■ Prompt
Transcribe the listing exactly, leaving out every picture.

+++ Source data

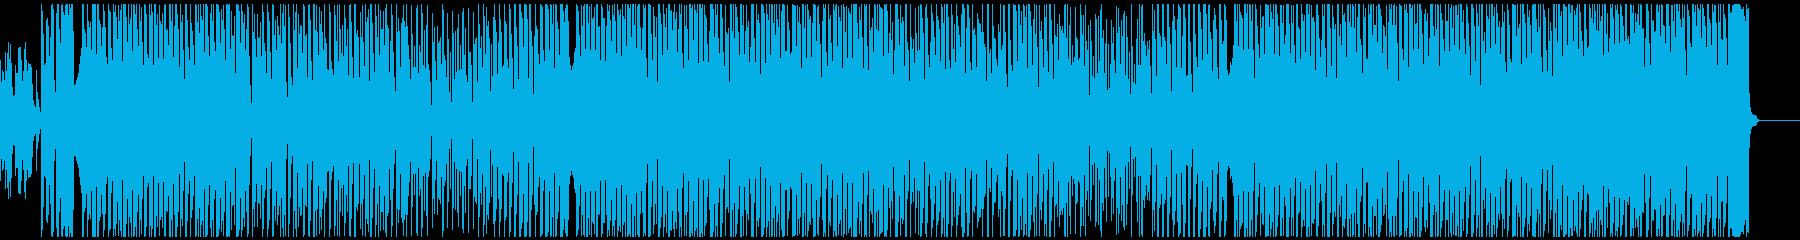 ほのぼの可愛いエレクトロなポップスの再生済みの波形
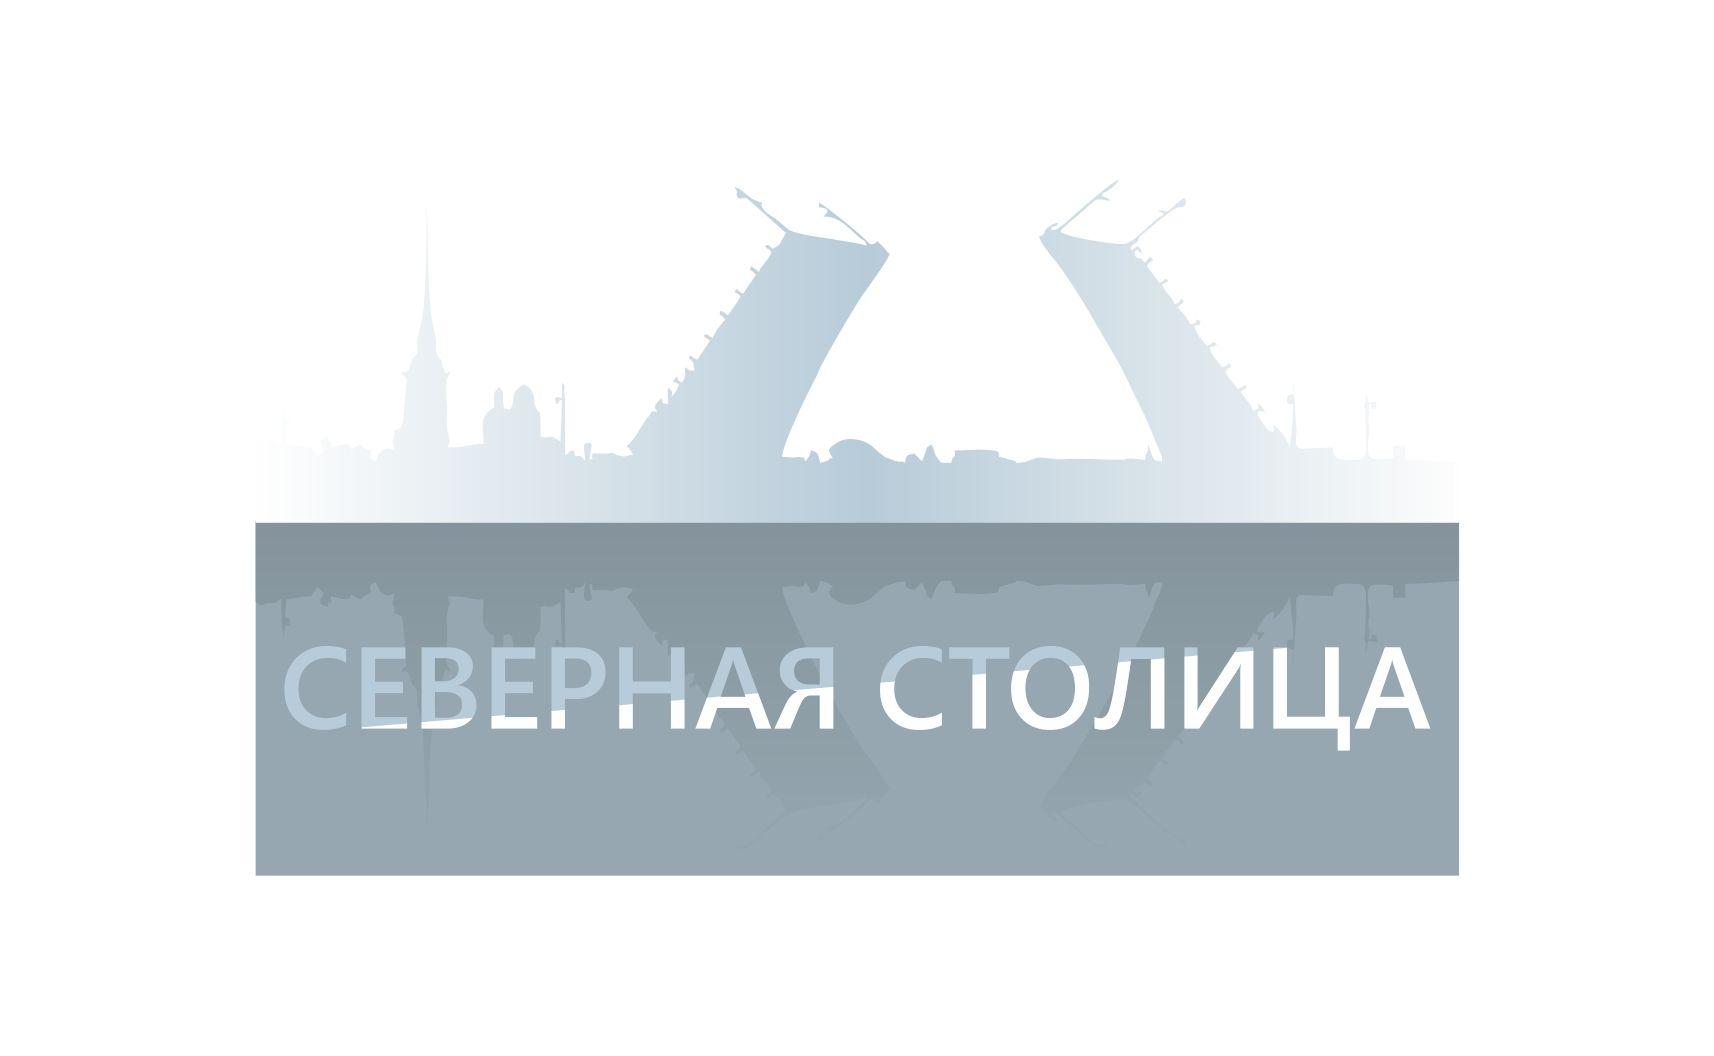 Логотип для компании Северная Столица - дизайнер Kairat_D
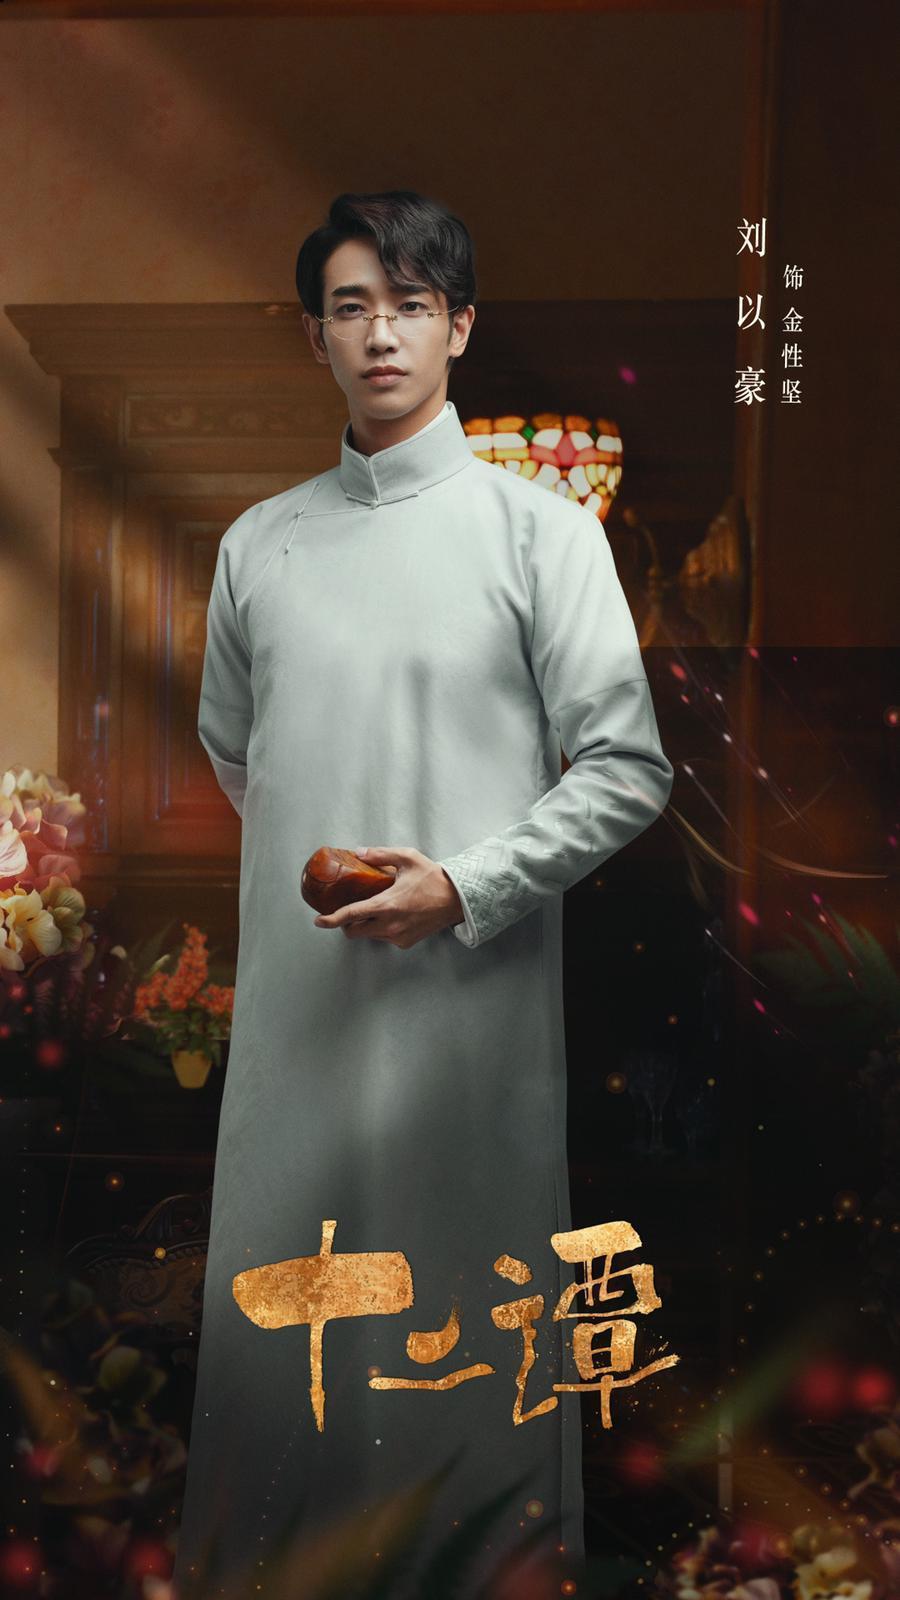 劉以豪主演新戲「十二譚」,帥氣長袍造型曝光。圖/劉以豪經紀公司提供

++++++

■ Response to this task
 ほのぼの可愛いエレクトロなポップスの再生済みの波形
 Логотип для компании Северная Столица - дизайнер Kairat_D
 劉以豪主演新戲「十二譚」,帥氣長袍造型曝光。圖/劉以豪經紀公司提供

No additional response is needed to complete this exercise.